RECORDS –

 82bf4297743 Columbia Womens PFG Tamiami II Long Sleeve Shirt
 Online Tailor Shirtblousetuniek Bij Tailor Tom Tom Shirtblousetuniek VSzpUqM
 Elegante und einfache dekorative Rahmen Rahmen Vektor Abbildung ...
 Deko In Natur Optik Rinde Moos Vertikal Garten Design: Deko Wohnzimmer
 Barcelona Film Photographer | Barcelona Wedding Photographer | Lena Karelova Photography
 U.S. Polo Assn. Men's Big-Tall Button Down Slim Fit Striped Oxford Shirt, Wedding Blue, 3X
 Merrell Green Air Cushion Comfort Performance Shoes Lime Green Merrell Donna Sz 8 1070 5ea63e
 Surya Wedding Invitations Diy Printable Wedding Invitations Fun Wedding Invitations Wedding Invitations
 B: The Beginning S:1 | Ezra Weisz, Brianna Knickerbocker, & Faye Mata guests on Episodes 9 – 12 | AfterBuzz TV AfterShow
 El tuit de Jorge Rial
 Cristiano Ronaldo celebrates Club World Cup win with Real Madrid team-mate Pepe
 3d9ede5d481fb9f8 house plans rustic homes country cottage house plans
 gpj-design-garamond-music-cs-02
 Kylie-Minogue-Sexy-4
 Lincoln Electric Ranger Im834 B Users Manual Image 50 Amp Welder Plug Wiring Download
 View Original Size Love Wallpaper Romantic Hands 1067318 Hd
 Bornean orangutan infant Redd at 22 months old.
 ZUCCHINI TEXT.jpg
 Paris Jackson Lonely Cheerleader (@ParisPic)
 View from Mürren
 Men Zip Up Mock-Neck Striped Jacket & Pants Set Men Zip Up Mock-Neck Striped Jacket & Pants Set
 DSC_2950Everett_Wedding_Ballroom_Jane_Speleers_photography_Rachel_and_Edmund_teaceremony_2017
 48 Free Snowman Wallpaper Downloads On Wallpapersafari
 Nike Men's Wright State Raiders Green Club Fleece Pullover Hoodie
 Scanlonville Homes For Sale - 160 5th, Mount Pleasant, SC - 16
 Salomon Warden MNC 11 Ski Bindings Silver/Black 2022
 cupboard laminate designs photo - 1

DIRECTIONS FOR THIS TASK – Take the entries above and repeat them. Alter nothing.

EXERCISE RESPONSE –
 82bf4297743 Columbia Womens PFG Tamiami II Long Sleeve Shirt
 Online Tailor Shirtblousetuniek Bij Tailor Tom Tom Shirtblousetuniek VSzpUqM
 Elegante und einfache dekorative Rahmen Rahmen Vektor Abbildung ...
 Deko In Natur Optik Rinde Moos Vertikal Garten Design: Deko Wohnzimmer
 Barcelona Film Photographer | Barcelona Wedding Photographer | Lena Karelova Photography
 U.S. Polo Assn. Men's Big-Tall Button Down Slim Fit Striped Oxford Shirt, Wedding Blue, 3X
 Merrell Green Air Cushion Comfort Performance Shoes Lime Green Merrell Donna Sz 8 1070 5ea63e
 Surya Wedding Invitations Diy Printable Wedding Invitations Fun Wedding Invitations Wedding Invitations
 B: The Beginning S:1 | Ezra Weisz, Brianna Knickerbocker, & Faye Mata guests on Episodes 9 – 12 | AfterBuzz TV AfterShow
 El tuit de Jorge Rial
 Cristiano Ronaldo celebrates Club World Cup win with Real Madrid team-mate Pepe
 3d9ede5d481fb9f8 house plans rustic homes country cottage house plans
 gpj-design-garamond-music-cs-02
 Kylie-Minogue-Sexy-4
 Lincoln Electric Ranger Im834 B Users Manual Image 50 Amp Welder Plug Wiring Download
 View Original Size Love Wallpaper Romantic Hands 1067318 Hd
 Bornean orangutan infant Redd at 22 months old.
 ZUCCHINI TEXT.jpg
 Paris Jackson Lonely Cheerleader (@ParisPic)
 View from Mürren
 Men Zip Up Mock-Neck Striped Jacket & Pants Set Men Zip Up Mock-Neck Striped Jacket & Pants Set
 DSC_2950Everett_Wedding_Ballroom_Jane_Speleers_photography_Rachel_and_Edmund_teaceremony_2017
 48 Free Snowman Wallpaper Downloads On Wallpapersafari
 Nike Men's Wright State Raiders Green Club Fleece Pullover Hoodie
 Scanlonville Homes For Sale - 160 5th, Mount Pleasant, SC - 16
 Salomon Warden MNC 11 Ski Bindings Silver/Black 2022
 cupboard laminate designs photo - 1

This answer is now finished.